Monday, January 5, 2015

LUCK BREAD




On this first official Back-From-The-Holidays for school and lots of working folks, I’m just wandering a bit in all the pictures which were snapped a year ago---the bright moments around the table, the twinkles of the tree, the hush of the snow as it encompassed us all in such soft captivity this time last year.

From the little thumbprint picture in last Winter’s album-to-choose-from, I couldn’t for the life of me decide quite WHAT this was---an odd splash of golden yellow on a sea of whites---not quite your usual photo of anything, animal, vegetable or mineral.    And it was simply the beginnings of CORNBREAD---the drys softly cuddling the puddle of buttermilk, with the eggs gently dropped in one-at-a-time.  

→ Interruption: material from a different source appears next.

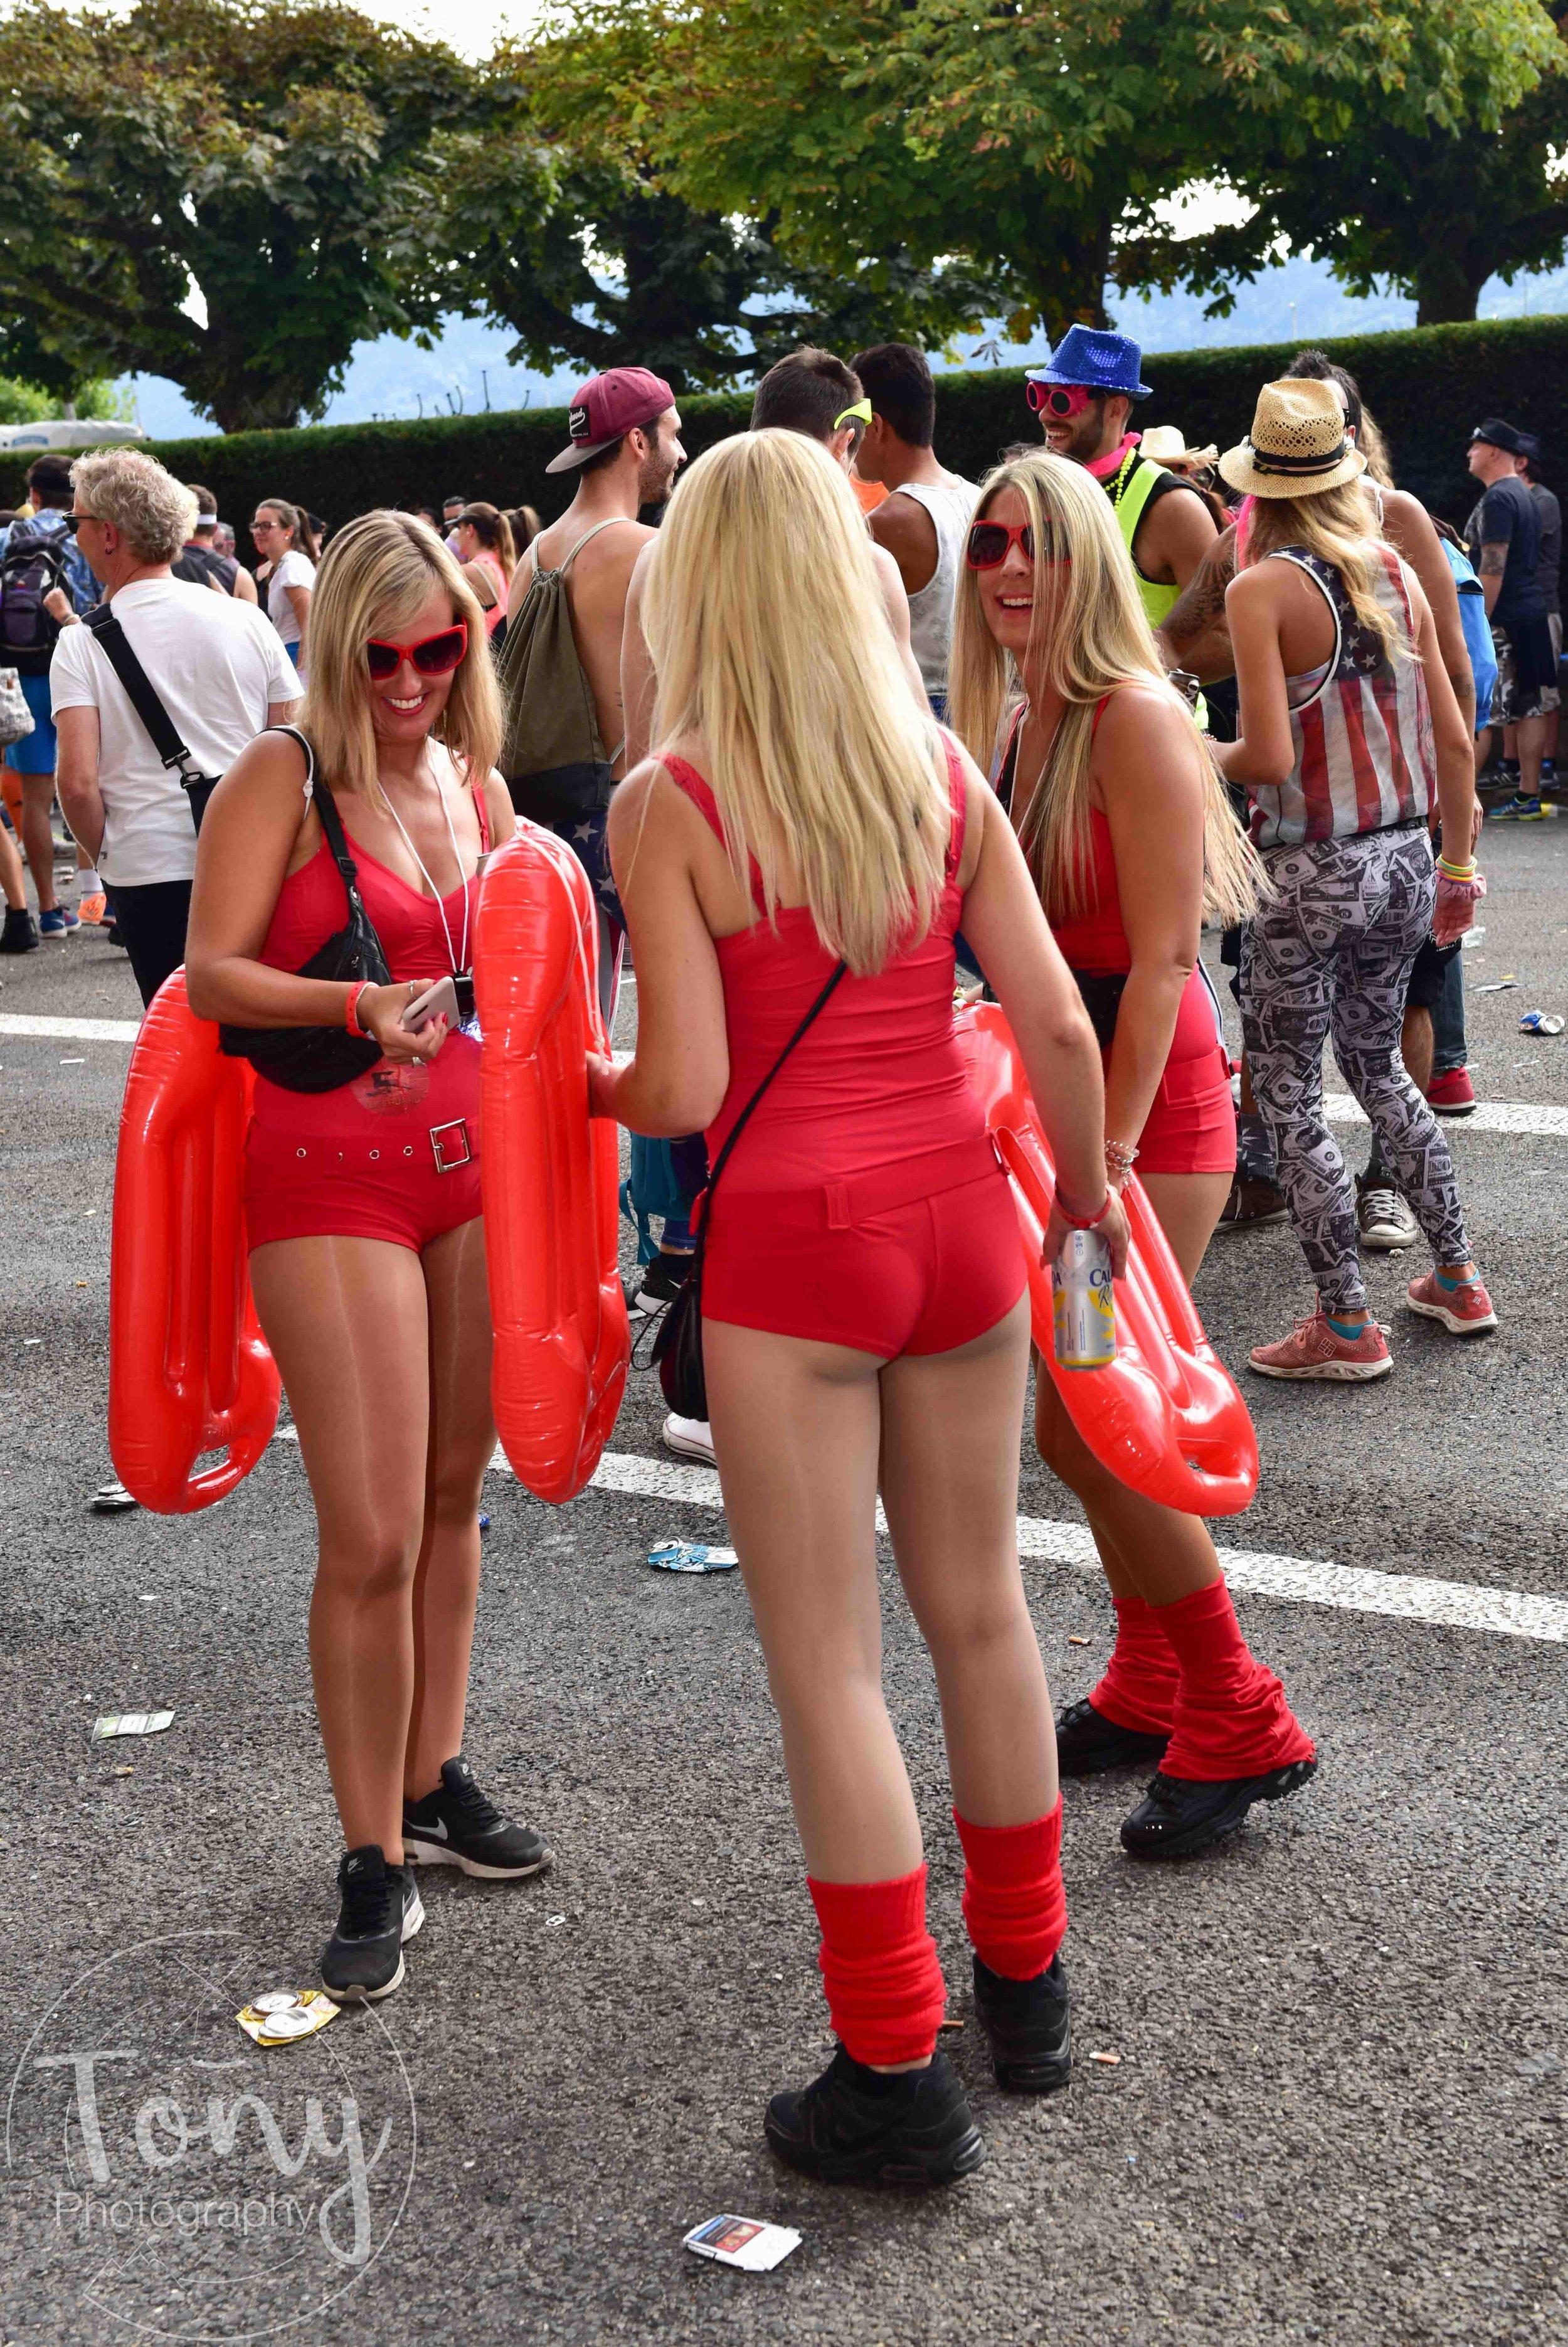 streetparade-177.jpg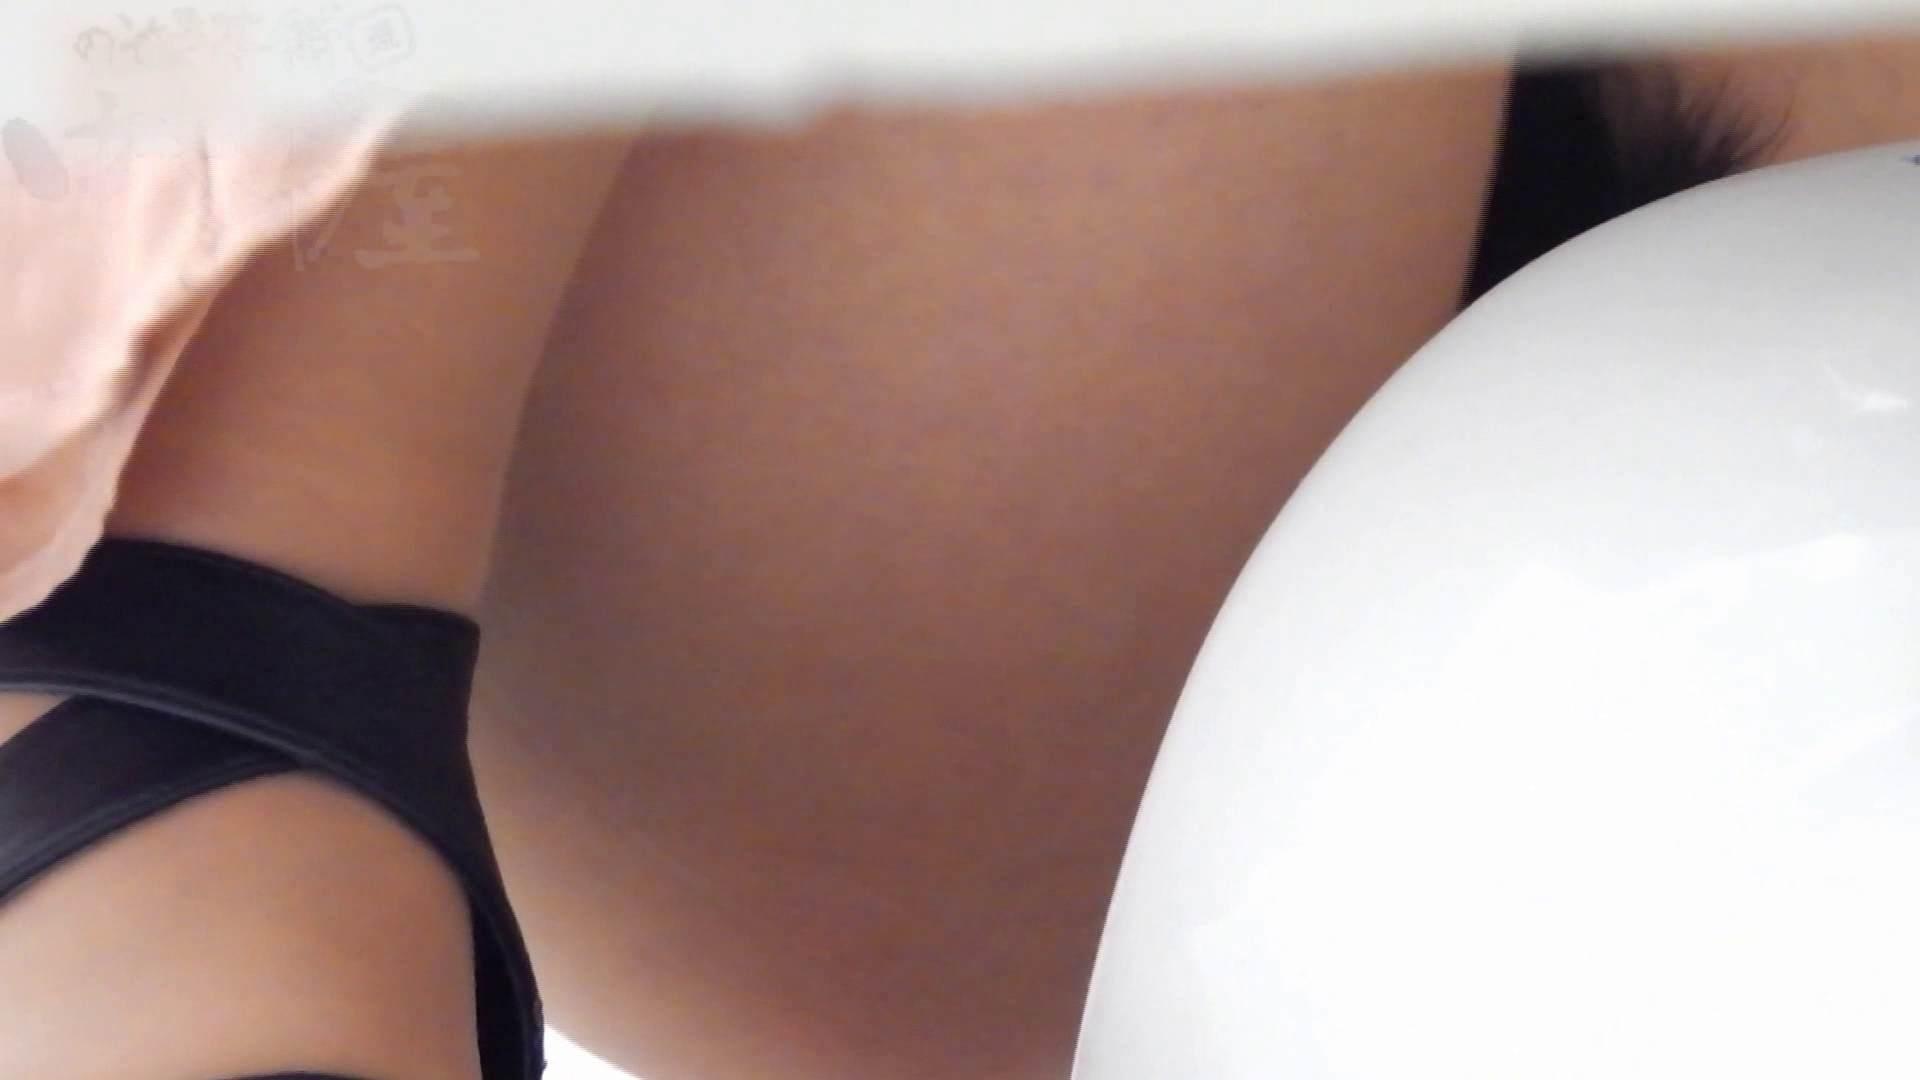 美しい日本の未来 No.29 豹柄サンダルはイ更●気味??? 盗撮 隠し撮りオマンコ動画紹介 111連発 74

Only this time, there were two yolks in one of those splendid Jumbo eggs---a twinning of might-be that missed the hatch to come down the line in that neatly-dozened white box to my kitchen, for the New Year’s bread to go with the Black-Eyed Peas and Collards of the new 2014.   A Lucky Egg for the new beginning---both fresh and shining and filled with promise.    The luck was beaten into that bowl of batter, poured into the butter-sizzle of a black skillet older than my children, and shared on that first day of the year.

And the year WAS bright in most places, with luck or angels riding on our shoulders on several notable occasions---Sweetpea’s escape from an upside-down van in an ice-skid last Winter (“Ganjin, we went swooo and swirrrrrl and upside down and then I was looking down at MONEY ON THE CEILING!”)

And the absolute terror of June, when Chris’ health scare put us all into a dreadful hold til he could heal and have such a wonderful report in November---Thanksgiving, indeed.  He’s bright and joyful as ever, having just trimmed his beard from going about resembling Santa for a couple of months, even to the unabashed wearing of that red-and-white hat, even on service calls, for the month of December.   There’s just something about a man who so knows who he IS that he can wear and do a lot of things which mere mortals would decline---and I think the sight of a fella who’s comfortable with his knees scrunched beneath a tiny tea table, sipping p’tend tea from wee pink cups, is even more romantic and appealing than any table for two with roses and champagne.  


And so, for this bright New Year, I wish you all great slices of Luck Bread, filled with all the flavours which make you happy.   And may all the bread you cast upon the waters come back CAKE.